A Peptide Nanoregulator Enriched at the Endoplasmic Reticulum for Boosting Fractionated Radiotherapy-Mediated Antitumor Immune Response

Abstract

Fractionated radiotherapy (FRT), typically delivering low-dose radiation of 2 Gy per fraction, has been used as the main clinical treatment regimen for various tumors.
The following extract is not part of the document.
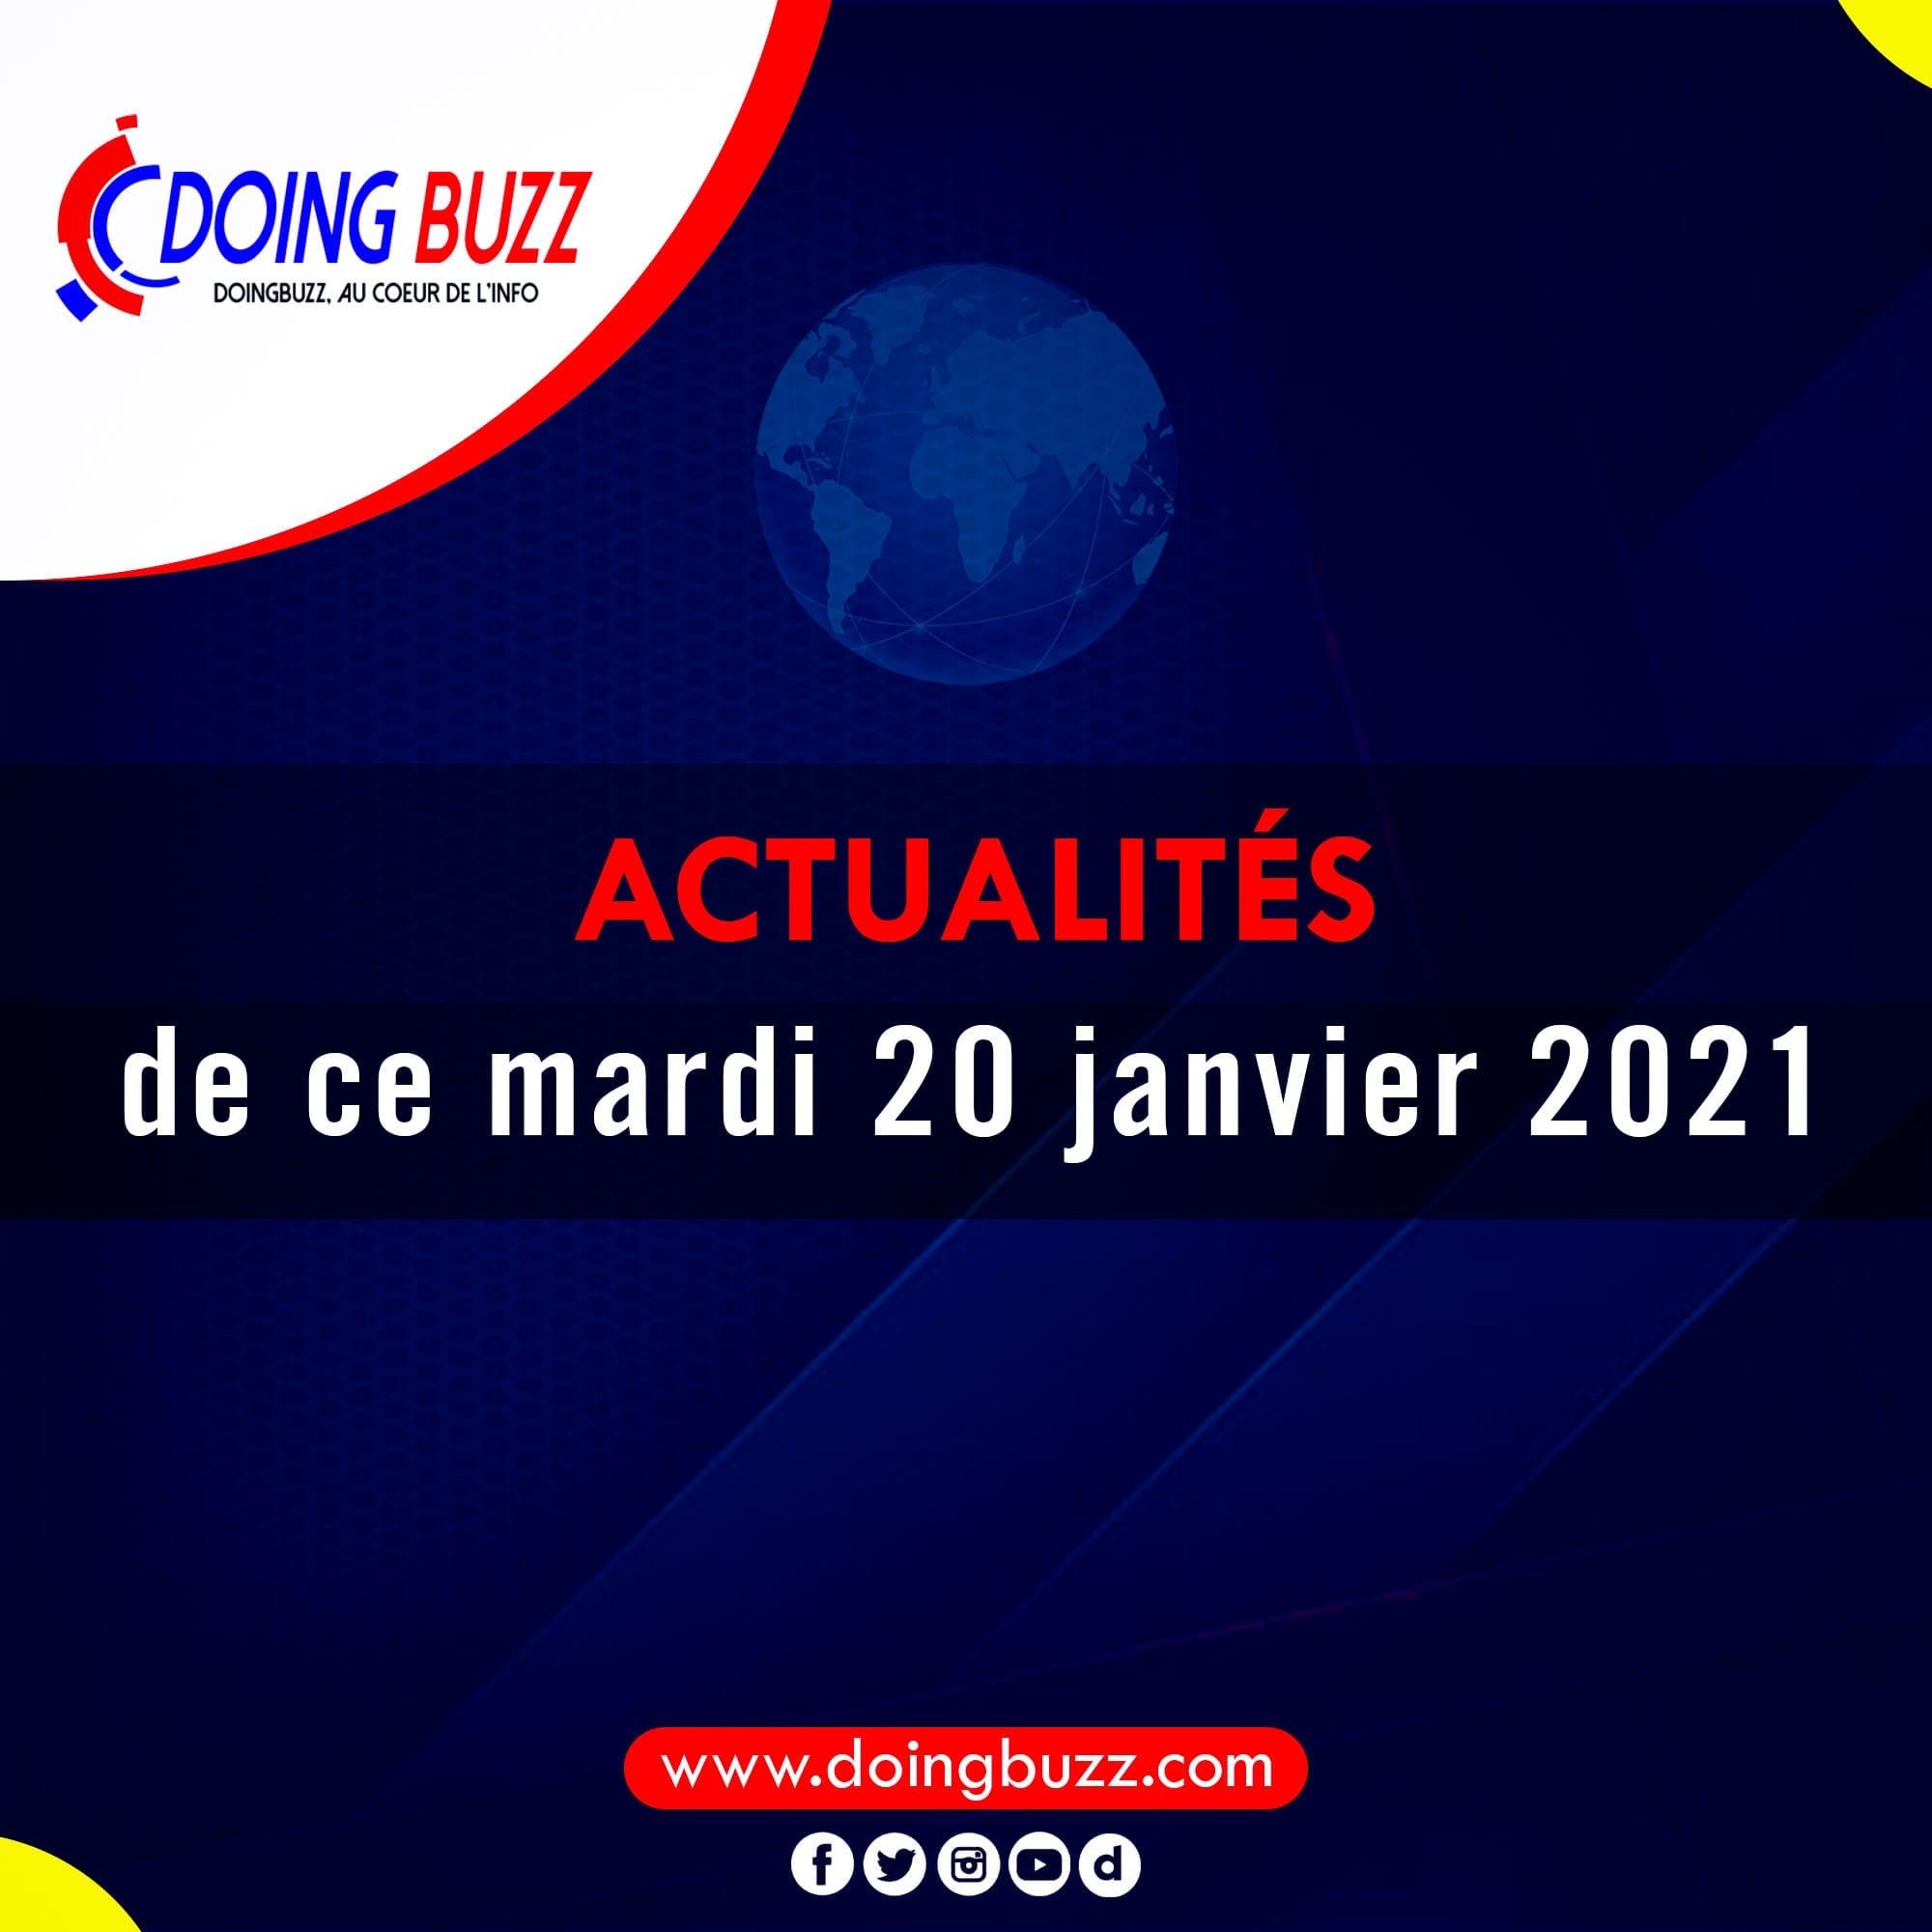 Actualités du jour sur Doingbuzz: Mercredi  le 20 Janvier 2021
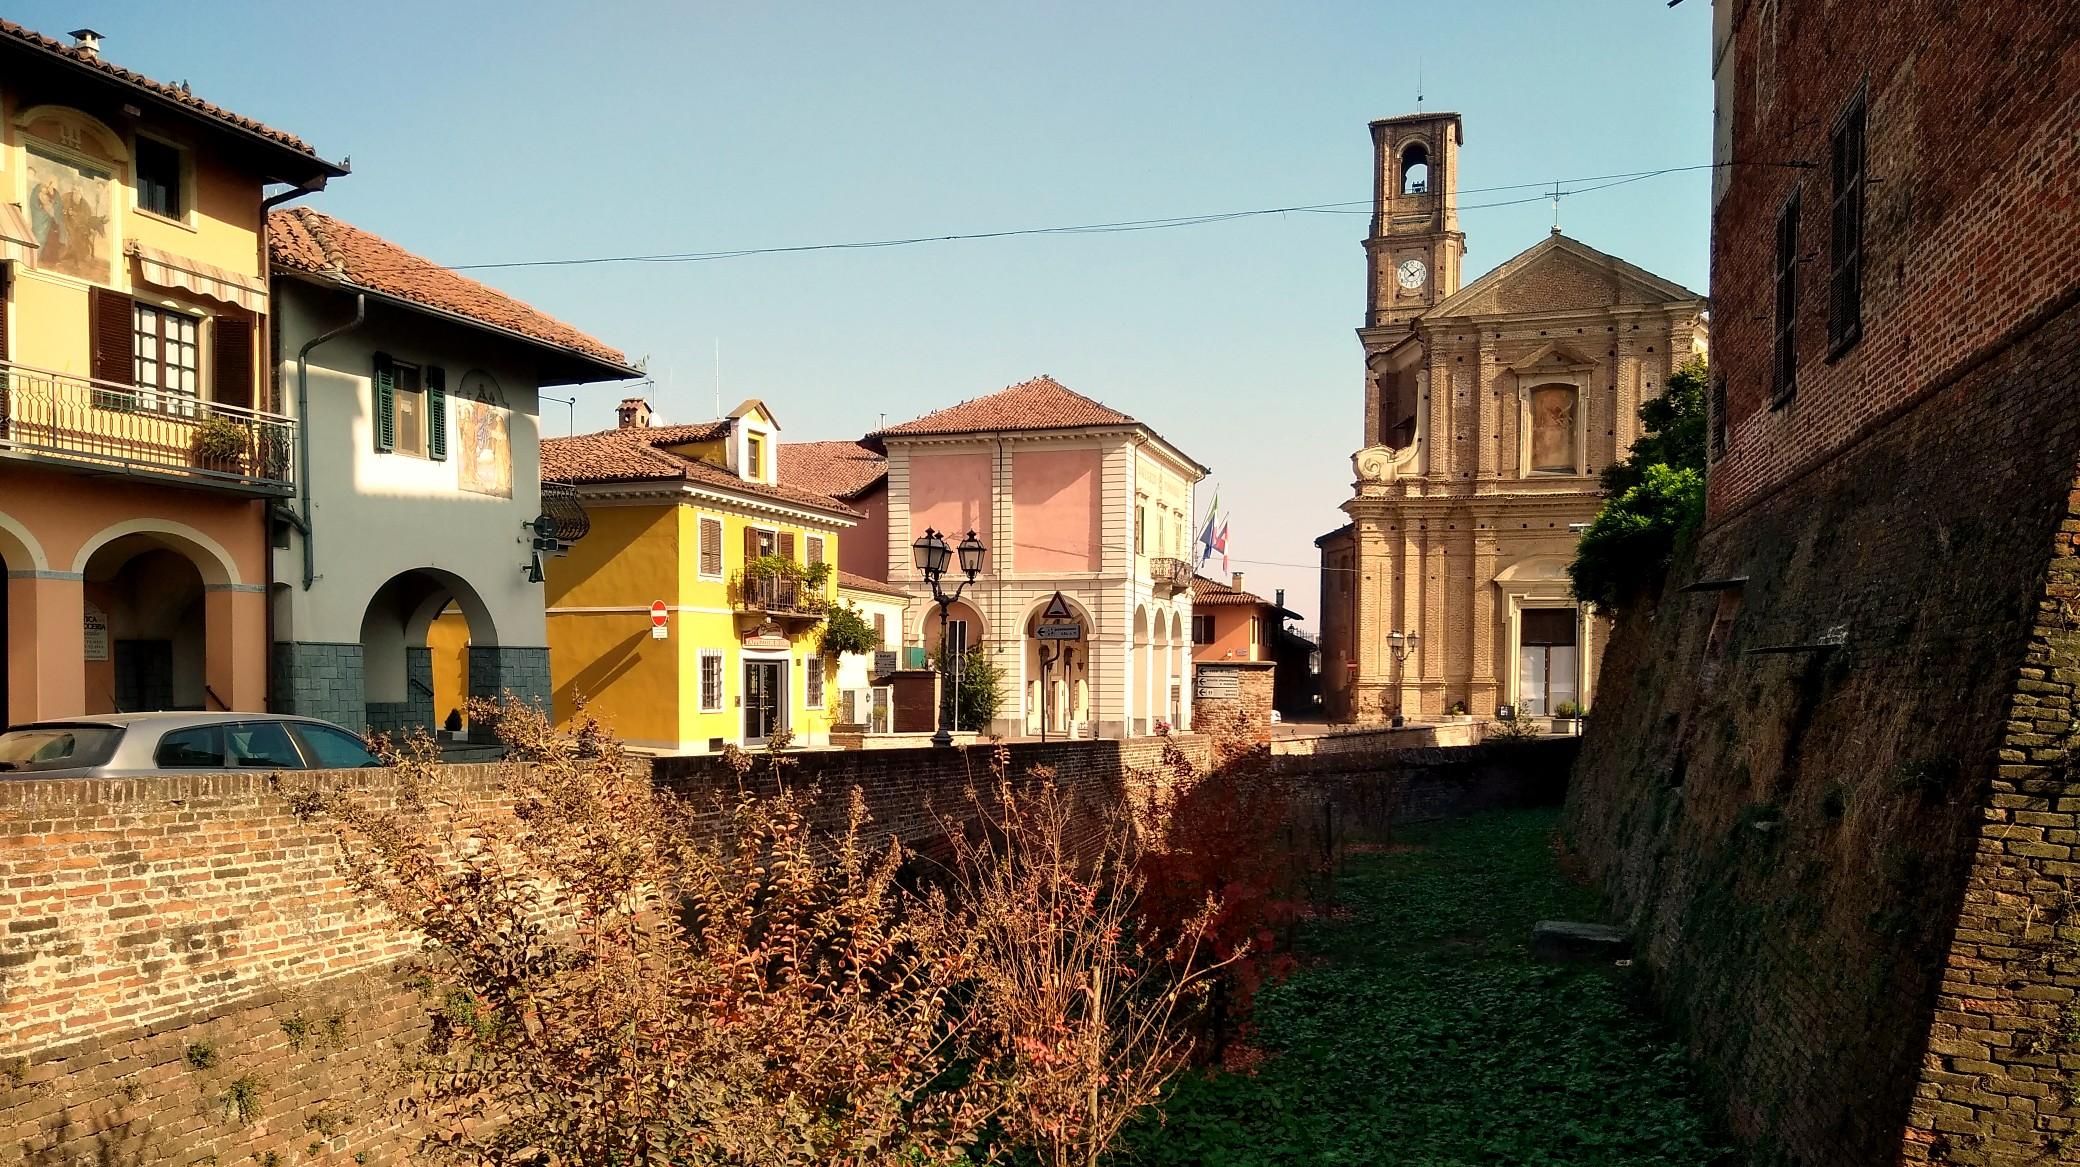 Studi Di Architettura Cuneo moretta (italia) - wikipedia

However, its therapeutic efficacy is severely hindered by inadequate pro-immunogenic effect and ionizing radiation-induced immunosuppression. Herein, a peptide nanoregulator (SP^ER-NO-Ind) is constructed from self-assembling peptides that can enrich nitric oxide (NO) at the endoplasmic reticulum (ER) and inhibit indoleamine 2,3-dioxygenase (IDO) to enhance FRT-mediated antitumor immunity and reinforce treatment outcomes. SP^ER-NO-Ind triggered S-nitrosylation of the ryanodine receptor by ER-specific enrichment of NO, triggering the release of Ca²⁺ within ER and induction of robust ER stress. The combination of 2 Gy γ-radiation with SP^ER-NO-Ind induced intense immunogenic cell death (ICD) in ER-stressed 4T1 cells. Furthermore, this nanoregulator inhibited IDO and decreased kynurenine production, reversing FRT-induced immunosuppressive effects. The combined application of FRT and SP^ER-NO-Ind demonstrated superior efficacy in suppressing breast tumor growth, amplifying abscopal effects, and inhibiting metastasis in mice. The SP^ER-NO-Ind treatment achieved a 40% decrease in the total radiation dose while securing equivalent tumor suppression efficacy. Collectively, the work presents a facile approach to augment the efficacy of fractionated radiotherapy for tumors, opening up a new way to enhance the antitumor immune response of radiotherapy.